However, for the case of malware (and opcode sequences in any software in general), this is not a feature one would consider useful. For instance, the order in which different sequences or subsequences of operations are carried out is of immense importance. This has been shown by the extremely crafty technique of Return-Oriented Programming [16] to make benign software act maliciously simply by changing the order in which different operations are carried out.

In this paper, we thus argue that translation invariance is not a property we would like to have in our models and moreover, the spatial relationship between different features is also quite important. For instance, the orientation in images gives different latent properties of the objects within the image such as their geospatial relation with the coordinate system as well as the different objects within that coordinate system. Similarly, the concept of orientation in malware data can capture the relationship between the baseline functioning of executables and their behavior towards other executables on the system. Existing malware detection techniques based on CNN cannot capture such data because of the inherent limitations of CNNs [17]. For instance, in case of image-based datasets, the features learned by different convolutional layers could be visualized and information such as edges, lines, and curves in images could easily be depicted. However, in case of malware datasets it is extremely difficult to visualize or even comprehend the learned features. Moreover, by design CNNs are rotation and translation invariant, which means that a feature found in one location is as good as if it is found in any other location regardless of their spatial relationship as mentioned in our car example above.

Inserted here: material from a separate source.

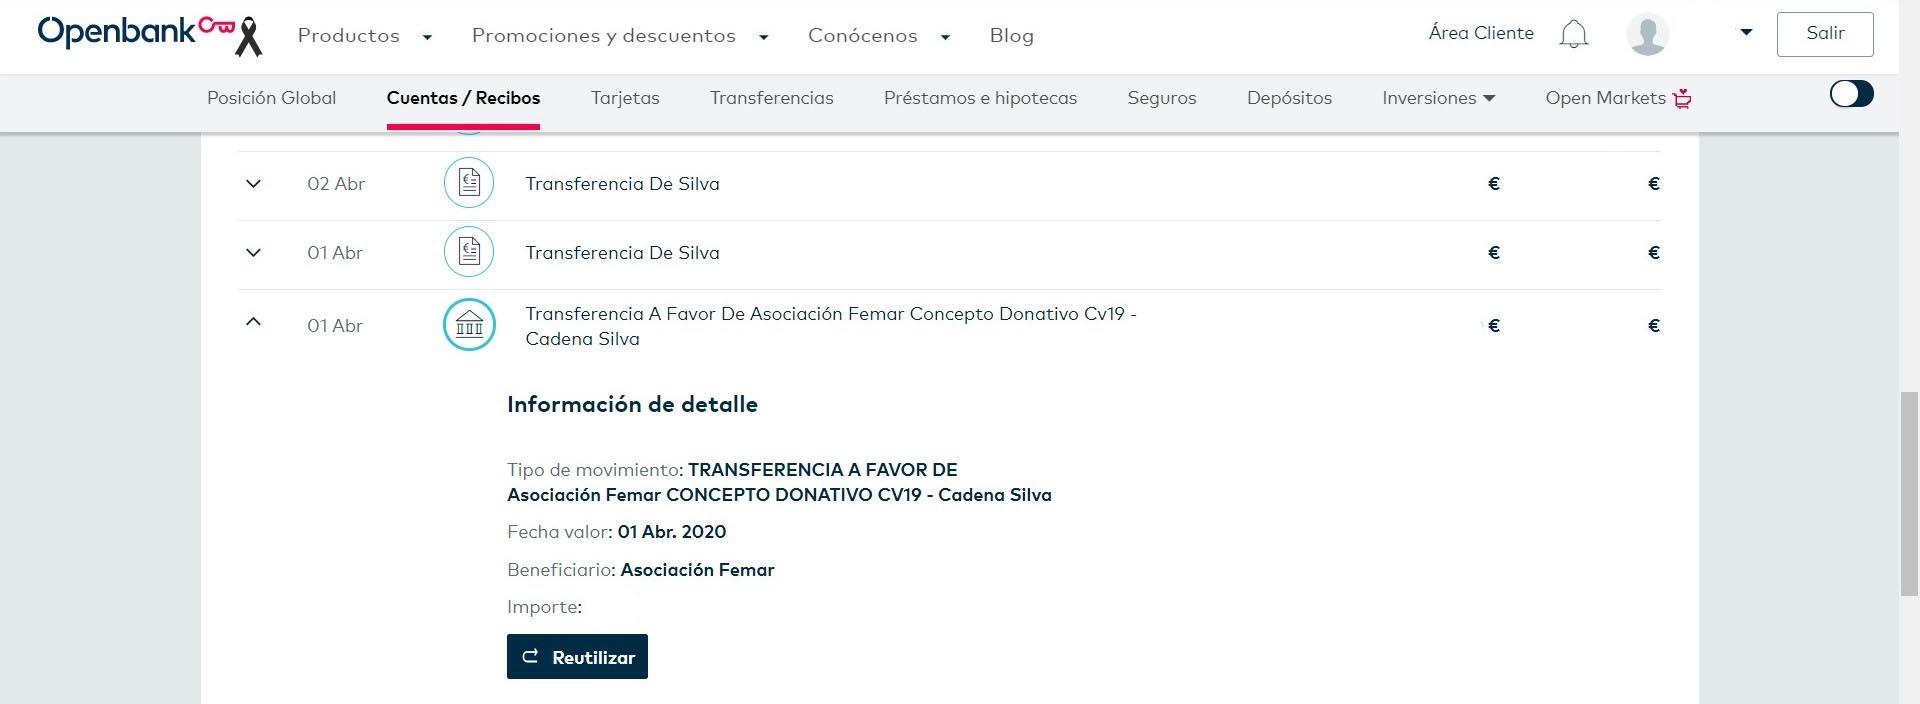 Cadena Silva ayudó económicamente a la residencia de Logrosán (Cáceres) 2020 7
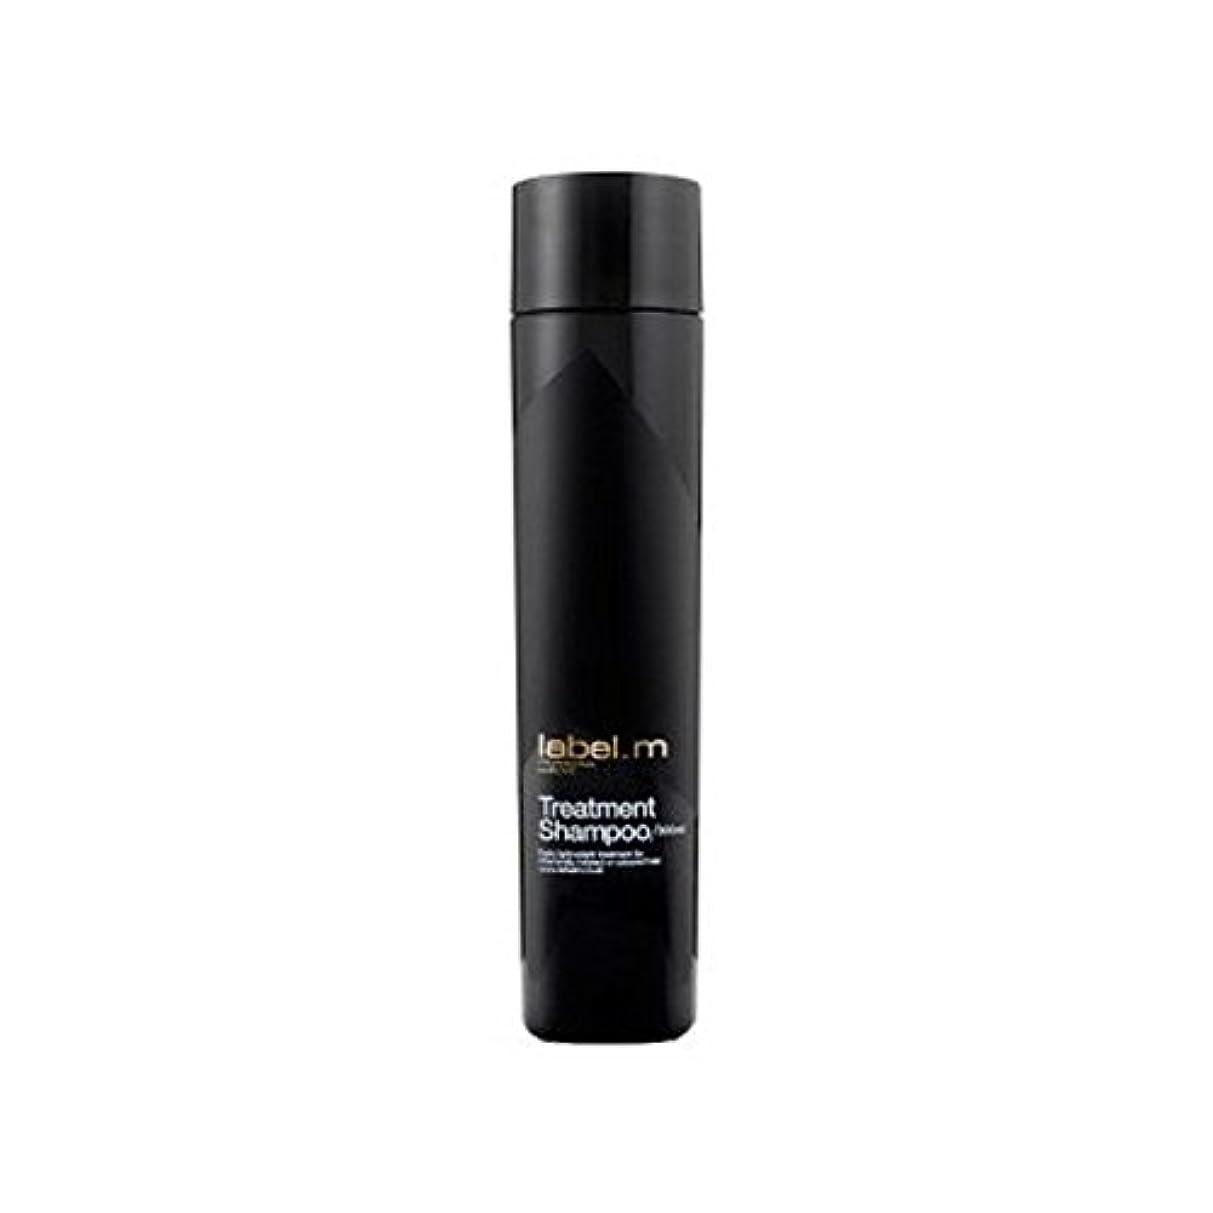 贈り物素子時刻表.トリートメントシャンプー(300ミリリットル) x2 - Label.M Treatment Shampoo (300ml) (Pack of 2) [並行輸入品]

We therefore need to forsake CNN and turn to a model that handles these two issues properly. In the recent past, Capsule Networks [17] have been shown to handle both these issues with great success in the domain of image analysis. We therefore utilize Capsule Networks to model malware and thus remove both these limitations from malware detection. Concretely, our contributions in this paper are:

1.    We propose and implement a deep learning-based model for malware analysis that is centered around the concept of Capsule Networks as opposed to CNNs. This helps us learn “orientation-based” relationships between different subsequences in an application's code that captures the behavior in a much more succinct manner.

2.    We evaluate this model on three very large scale datasets to demonstrate its efficacy in detecting real-world malware.

3.    We make our source for the whole pipeline available as open source so that any further modifications to our work can be made easily to further enhance the results.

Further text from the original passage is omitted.